Fast food workers went on strike several times in 2013 and at each of the rallies those minimum wage workers were asking for $15 an hour. So even though an $8 an hour minimum wage is more than the $7.25 mandated by the federal government, many say it’s still not enough to survive in New York.
Wafa Al-Shiri is just one of New York’s minimum wage workers who has struggled to get by.
Even though she’s thankful for the increase, Al-Shiri says it’s still not a “living wage”.
“Is 8-dollars an hour enough for minimum wage in New York? No it’s not,” Al-Shiri said. “Everything is going up now.”
Ana Duran is a mom who already made $8 an hour before the increase.
She says, at the end of the month, the extra 75 cents an hour won’t be enough to keep people from living paycheck to paycheck.
“It’s not good enough for me, especially because I’m a mom,” Duran said.
Some people like Laura Taylor, who makes more than minimum wage, agree.
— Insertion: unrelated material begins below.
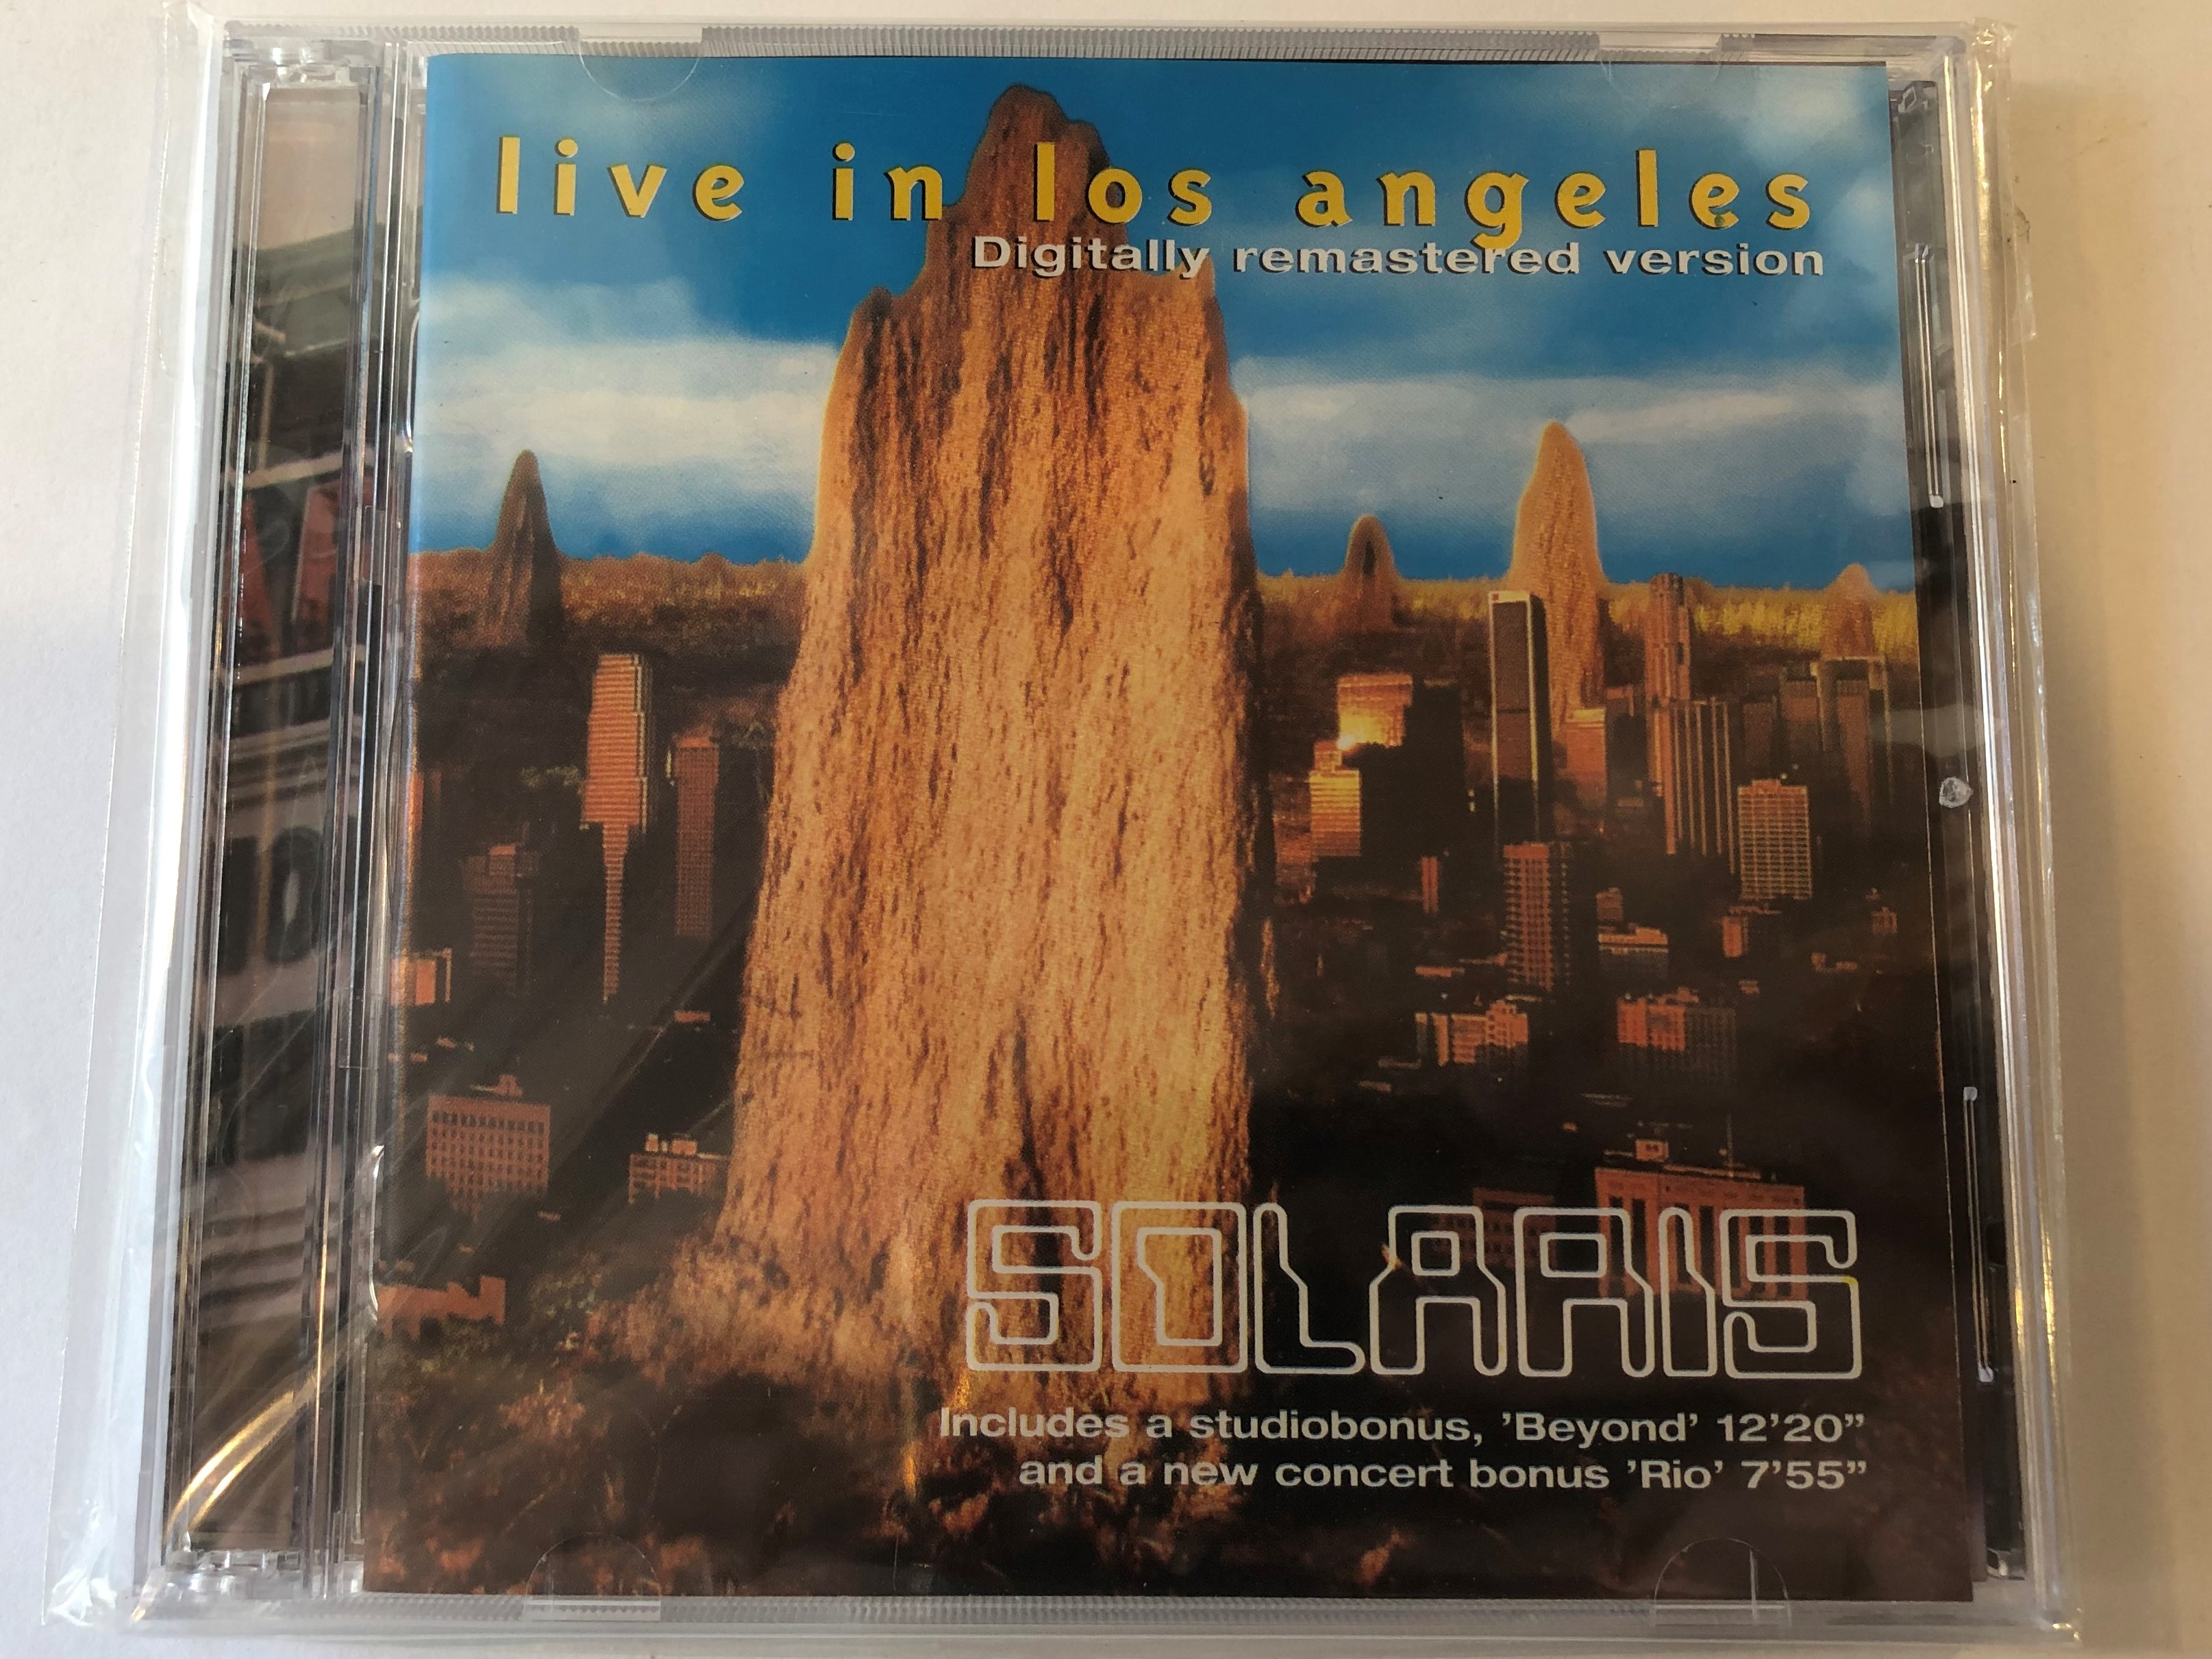 live-in-los-angeles-digitally-remastered-version-solaris-includes-a-studiobonus-beyond-1220-and-a-new-concert-bonus-rio-755-solaris-music-productions-2x-audio-cd-2000-5998272.jpg

“Nobody can’t live off eight dollars, especially young kids,” Taylor said. “ If they want to go out there on their own, how are they going to survive? You know how much rent is? Just for a studio is over a thousand dollars.”
Others, like Laurel Rush, think it is positive, however. “Is eight dollars an hour enough?” asked Rush. “It’s really not, but it’s a step in the right direction.”
This increase is the first of 3 minimum wage raises over the next two years in New York State.
By the end of the year New York’s lowest paid workers will make $8.75-per hour.
That number rises to $9 by the end of 2015.
“The fastest growing industry in the city is retail and fast food workers and it’s basically a race to the bottom,” said
Public Advocate Latisha James. “And that’s why there’s a drain on the economy in the city of New York.”
While opponents of the minimum wage increase say it could force businesses to layoff some of their employees, most of the people we spoke to were skeptical when it came to corporate giants like McDonald’s and Target. But they did have a little more sympathy for the mom and pop shops.